New regressors/covariates can be constructed as interactions among other regressors. For example, suppose that \(X_{1}\) represents age and \(X_{2}\) represents serum cholesterol. A third regressor, \(X_{3} = X_{1} × X_{2}\), can be constructed as the product and might be important to include in the model if only old age in combination with high cholesterol has an impact on the outcome.

This example is called a first-order interaction and higher-order interactions can be constructed as products of more than two regressors. Of course, constructing more regressors in this manner can get unwieldy and lead to an unmanageable number of potential regressors to consider.

Treatment × covariate interactions are important to investigate in randomized and nonrandomized studies. Treatment × center interactions are important to investigate in multi-center trials.

If the treatment × covariate interactions are important, then it could be difficult to interpret main effects for treatment.

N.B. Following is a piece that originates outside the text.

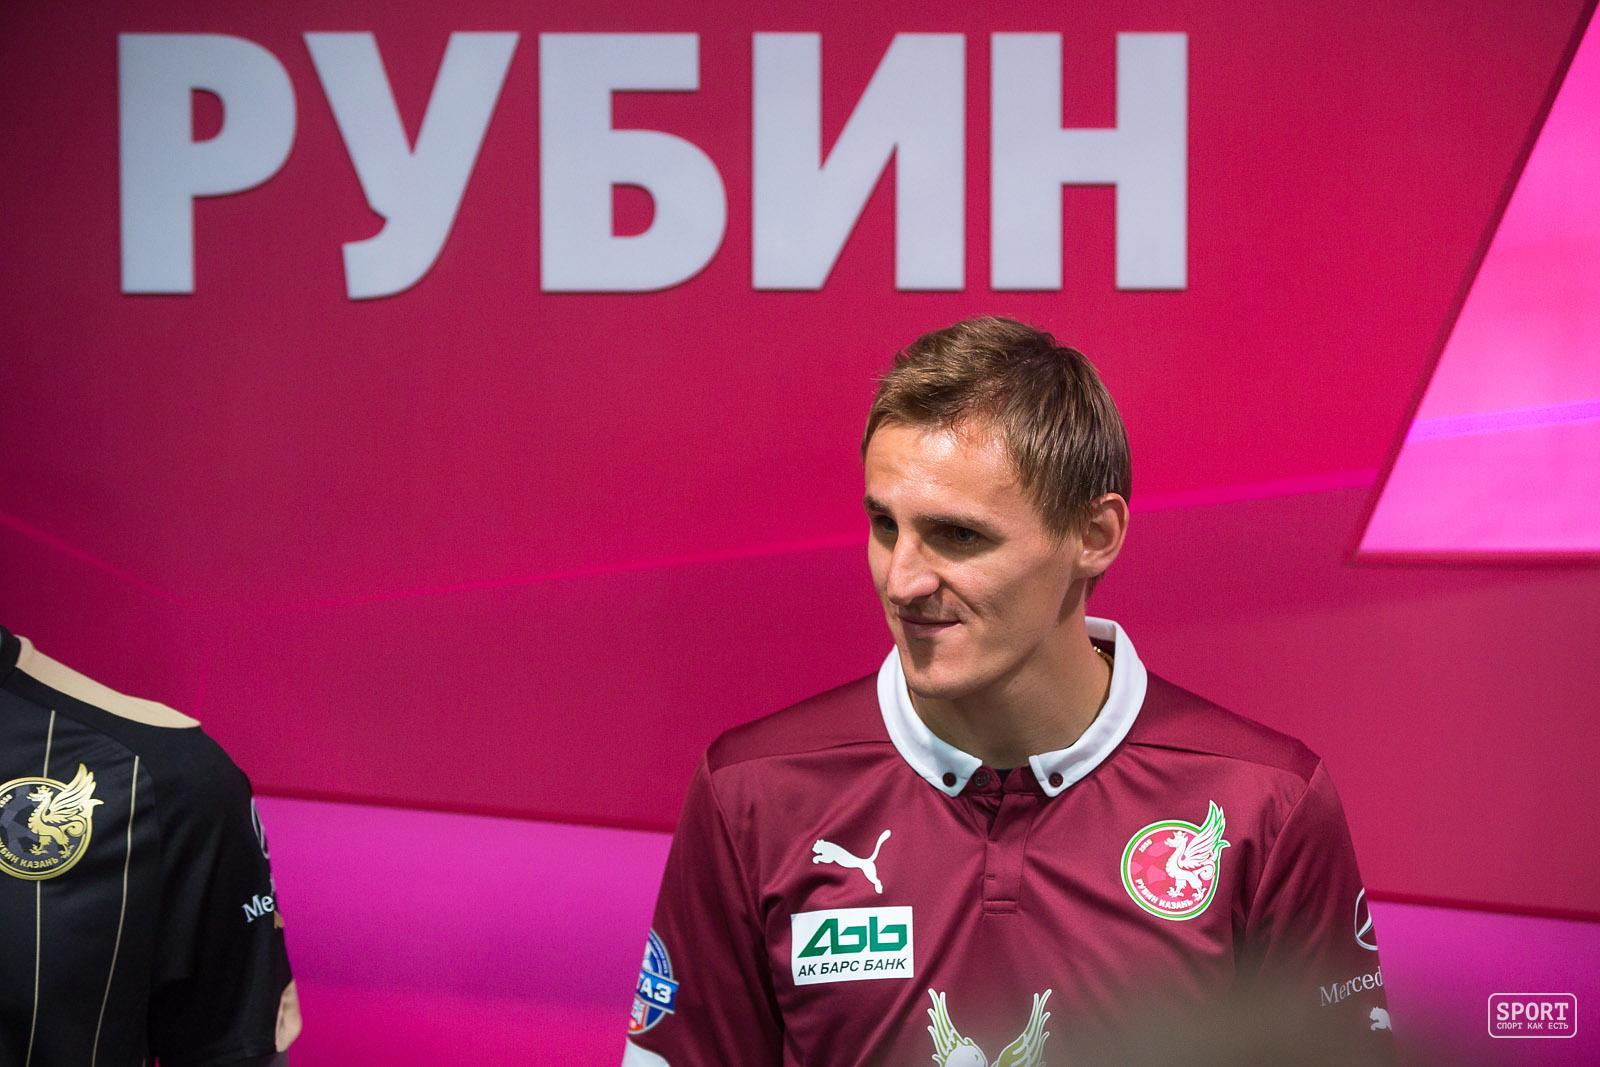 павлюченко забил гол 4 картинки 2012:

For example, suppose that in a two-armed trial (treatments A and B) baseline cholesterol level is considered an important covariate. Suppose that the treatment × cholesterol interactions are significant such that for low cholesterol levels treatment A is better than treatment B, but for high cholesterol levels treatment B is better than treatment A. Thus, it is not possible to conclude that one treatment is superior because the choice of the best treatment depends on baseline cholesterol levels, an important discovery in and of itself.

If the investigator focuses on a specific region of values for the covariate, such as high baseline cholesterol, then it may be possible to determine which treatment is superior in this region.

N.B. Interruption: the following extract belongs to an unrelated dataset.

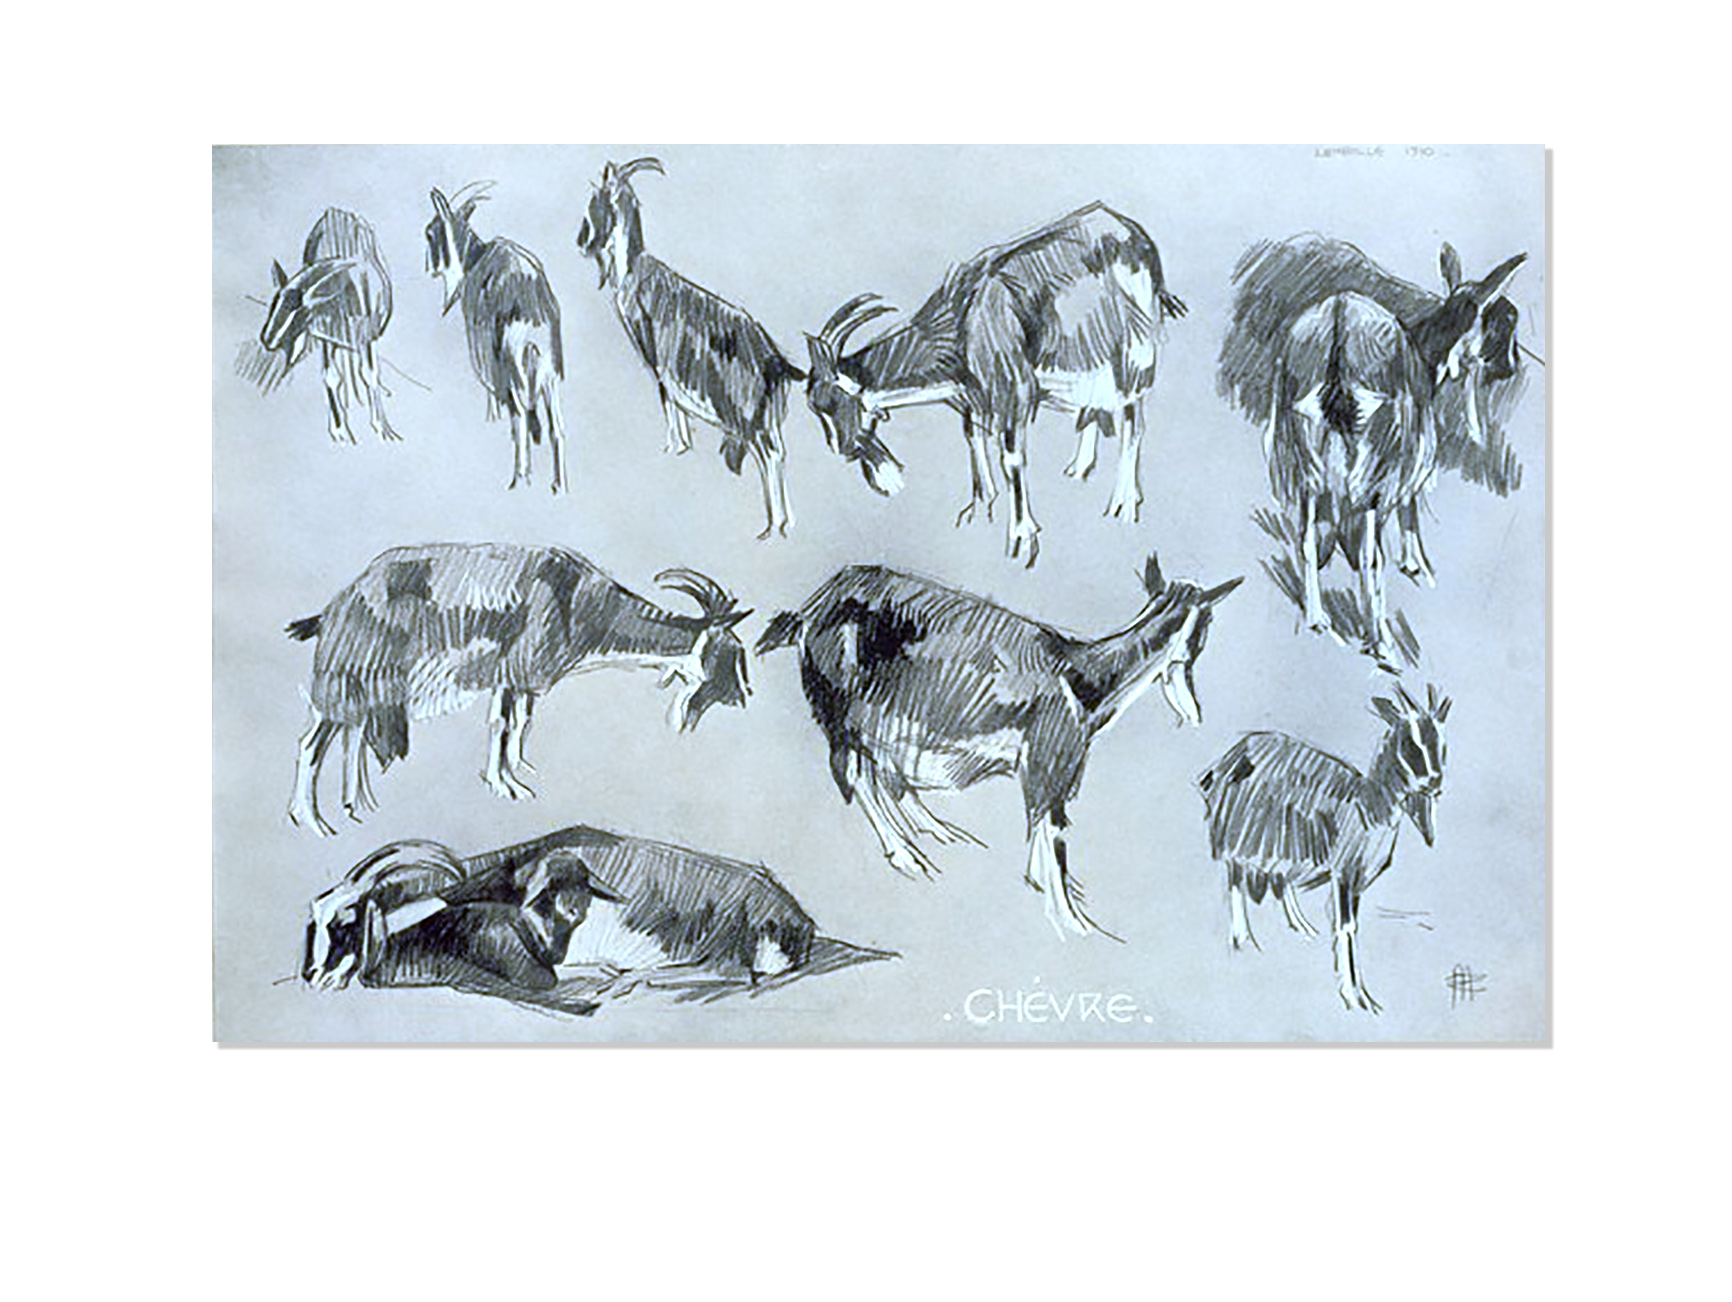 Chèvre - Études d'animaux, de Méheut, Mathurin, 1882-1958 (Artist) - The Digital Public Library of America-NYPL catalog ID (B-number): b13983745

Sometimes it is possible to make general conclusions if the interactions are due to the magnitude of the effect.

For example, suppose treatment A is 20 units better than treatment B in the presence of low baseline serum cholesterol, but treatment A is 60 units better than treatment B in the presence of high baseline serum cholesterol levels. Even though there is significant treatment × covariate interactions, it still appears that treatment A is superior. This type of treatment × covariate interactions is called "quantitative."

Profile plots (mean outcome response versus the covariate) for each treatment group will indicate graphically whether the interactions are qualitative (not parallel and crossing, below),

or quantitative (not parallel but not crossing).